Nesta quinta-feira, 19, a Justiça aceitou denúncia feita em dezembro contra o prefeito e três secretários que aponta falhas na destinação da verba das infrações. A juíza Carmen Cristina Fernandez Teijeiro e Oliveira, da 5.ª Vara da Fazenda Pública, recebeu ação contra o prefeito e os secretários Jilmar Tatto, de Transportes, e Marcos Cruz e Rogério Ceron, ex e atual titulares da Pasta de Finanças, respectivamente. O valor da ação é de R$ 802,7 milhões. 

O argumento dos promotores Marcelo Milani, Nelson Sampaio de Andrade, Wilson Ricardo Tafner e Otávio Ferreira Garcia, que assinam a ação, é que a Prefeitura tenha criado uma "indústria da multa", "elevando consideravelmente o número de registro eletrônico de atuações na cidade, em situações e locais inapropriados".

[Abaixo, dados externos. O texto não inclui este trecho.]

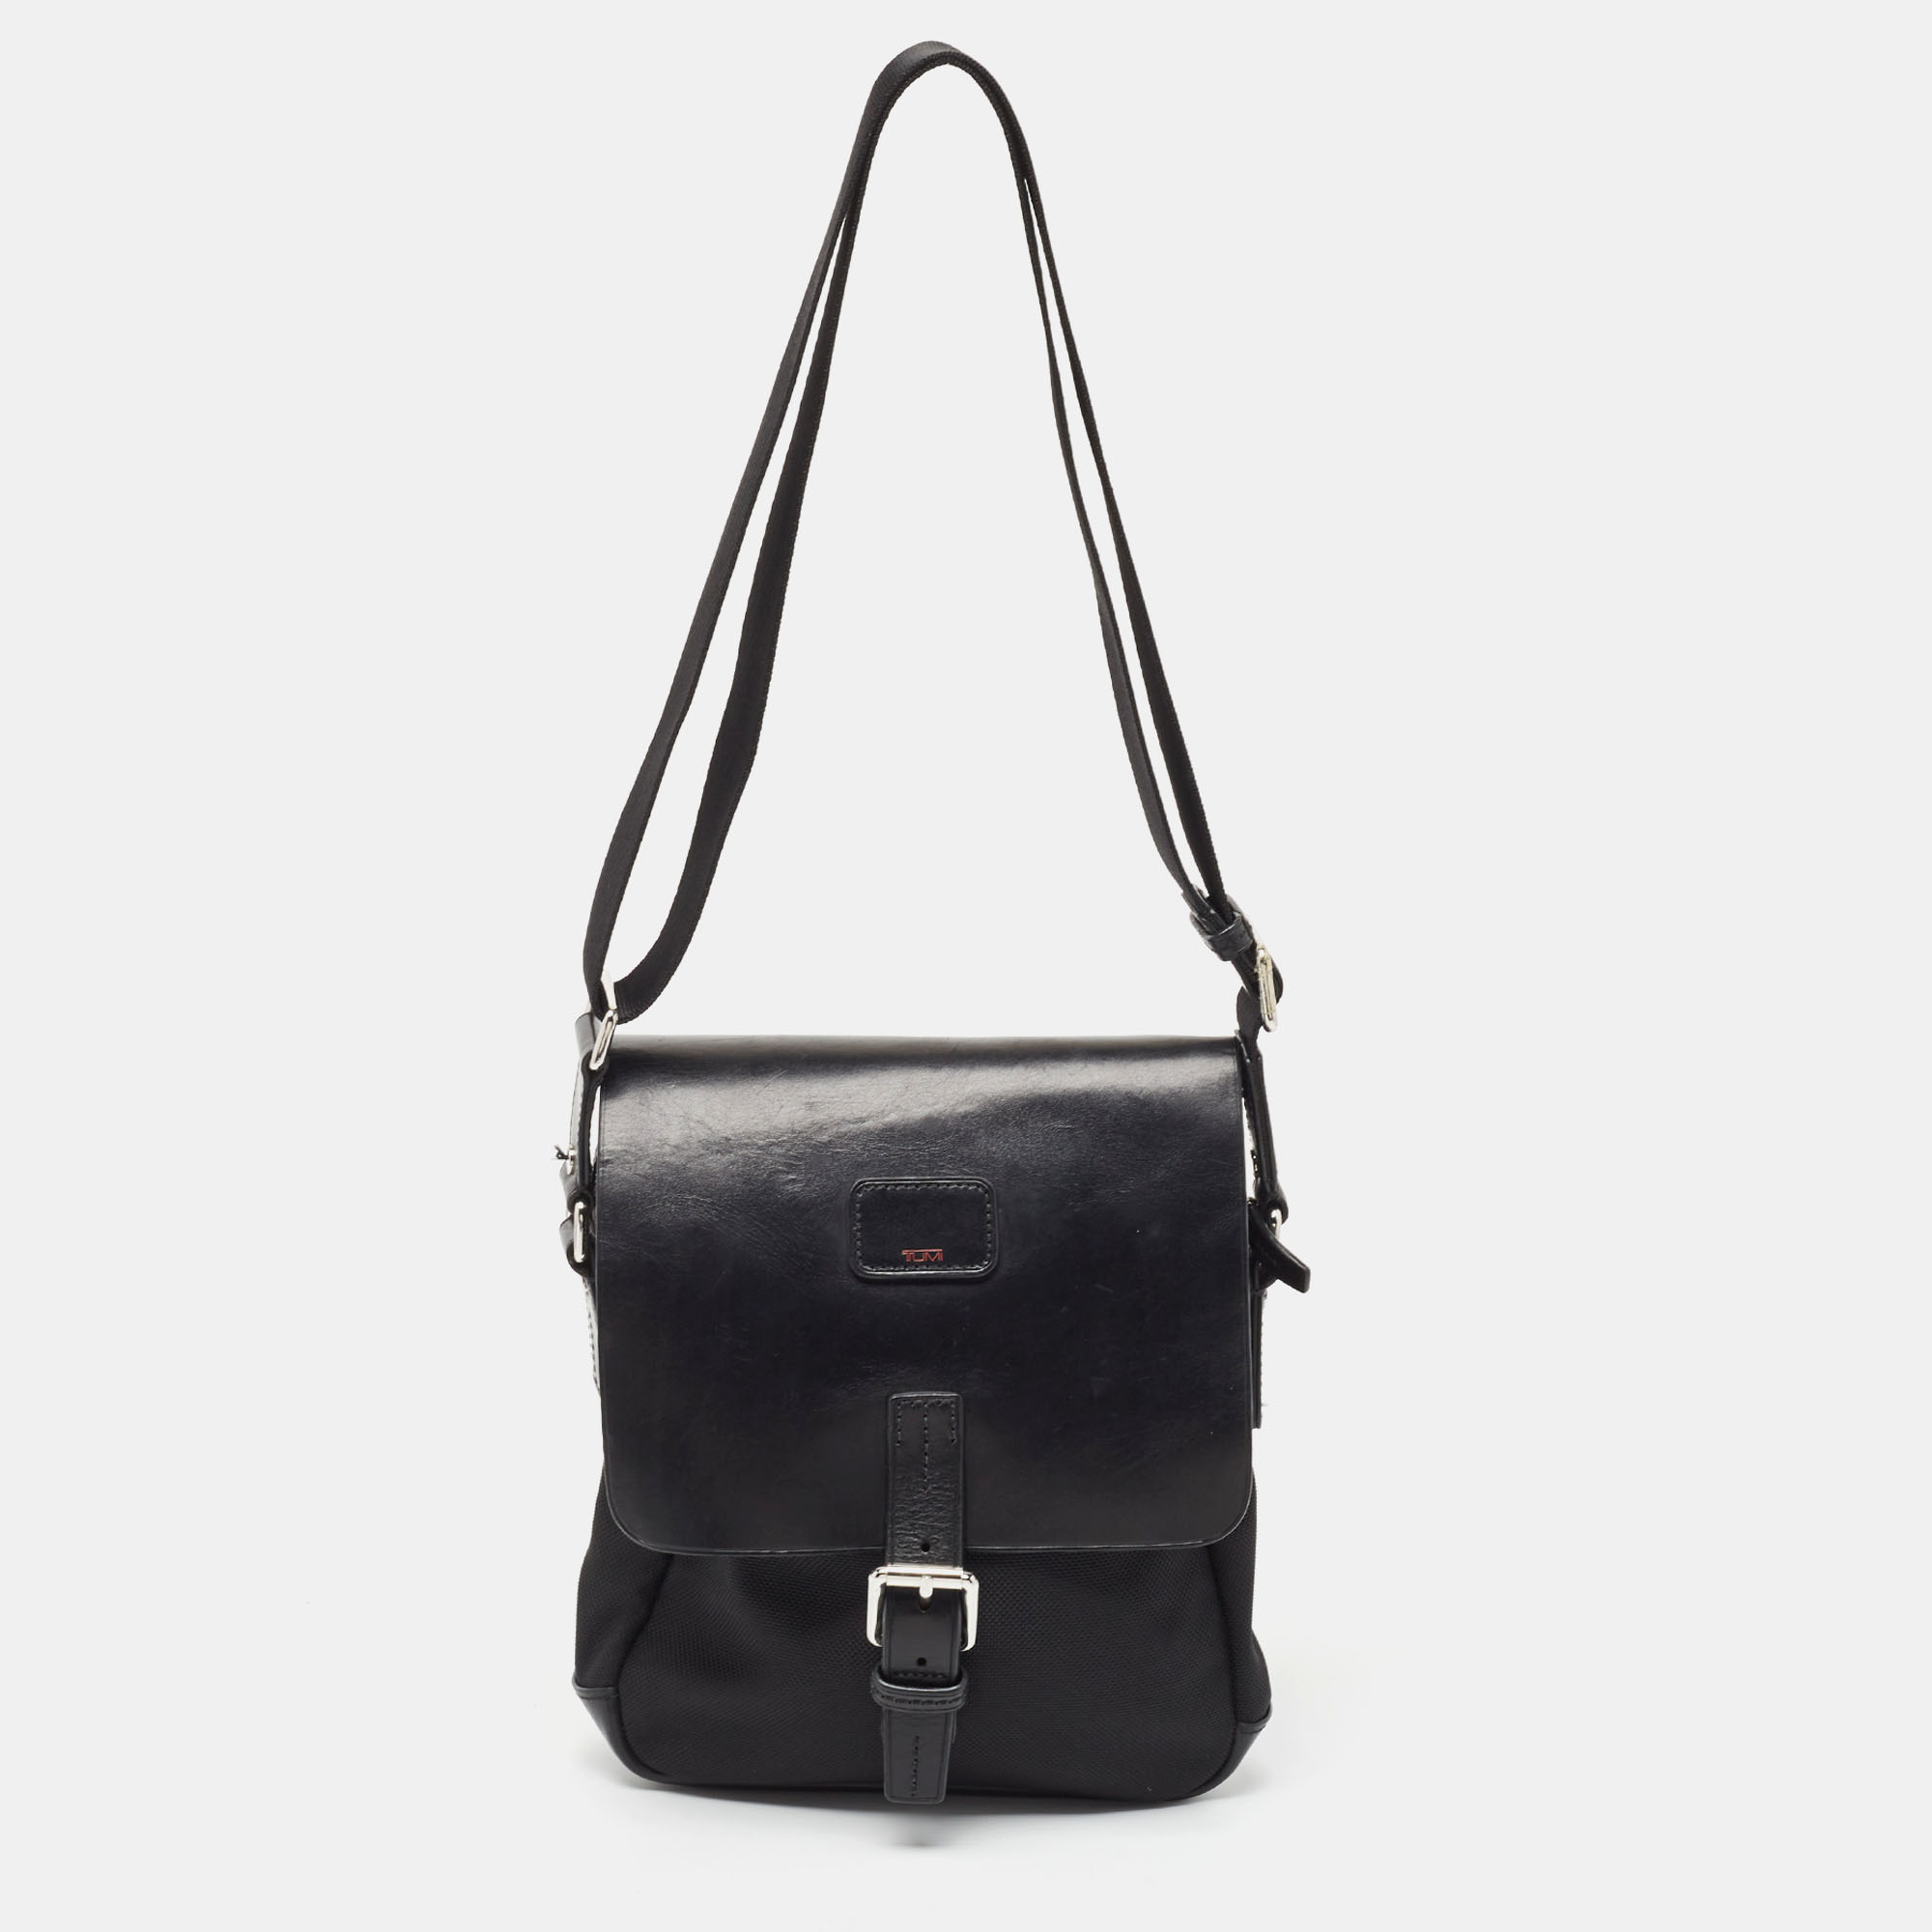 TUMI Black Leather And Nylon Crossbody Bag

O prefeito disse que todos os outros chefes do Executivo da capital em anos anteriores adotaram a mesma postura e também utilizaram os recursos das multas em melhorias no transporte público. 

"Esses investimentos em mobilidade vem sendo feitos por todas as administrações na cidade de São Paulo desde tempos imemoriais. Todos os prefeitos anteriores fizeram esse tipo de investimento. Então, causa estranheza por que agora essa mudança de entendimento", afirmou. Haddad defendeu a aplicação dos recursos das autuações em terminais, calçadas e ciclovias.

Para Milani, as críticas de Haddad são "uma prática comum em representantes do PT, que não querem responder à questão, mas desqualificar quem os acusa".

Apuração. A decisão de apurar a representação feita por Haddad contra Milani foi tomada pelo corregedor-geral do Ministério Público do Estado, Paulo Afonso Garrido de Paula. A informação foi antecipada pela coluna Direto da Fonte, do Estado

Assinada pelo secretário municipal dos Negócios Jurídicos, Robinson Barreirinhas, a representação foi protocolada no dia 4 de abril. Garrido de Paula publicou o deferimento do pedido de investigação no dia 11 daquele mês, mas não acolheu o pedido de afastamento de Milani, solicitado pela gestão municipal. O promotor disse que tem prestado todos os esclarecimentos solicitados pelo corregedor.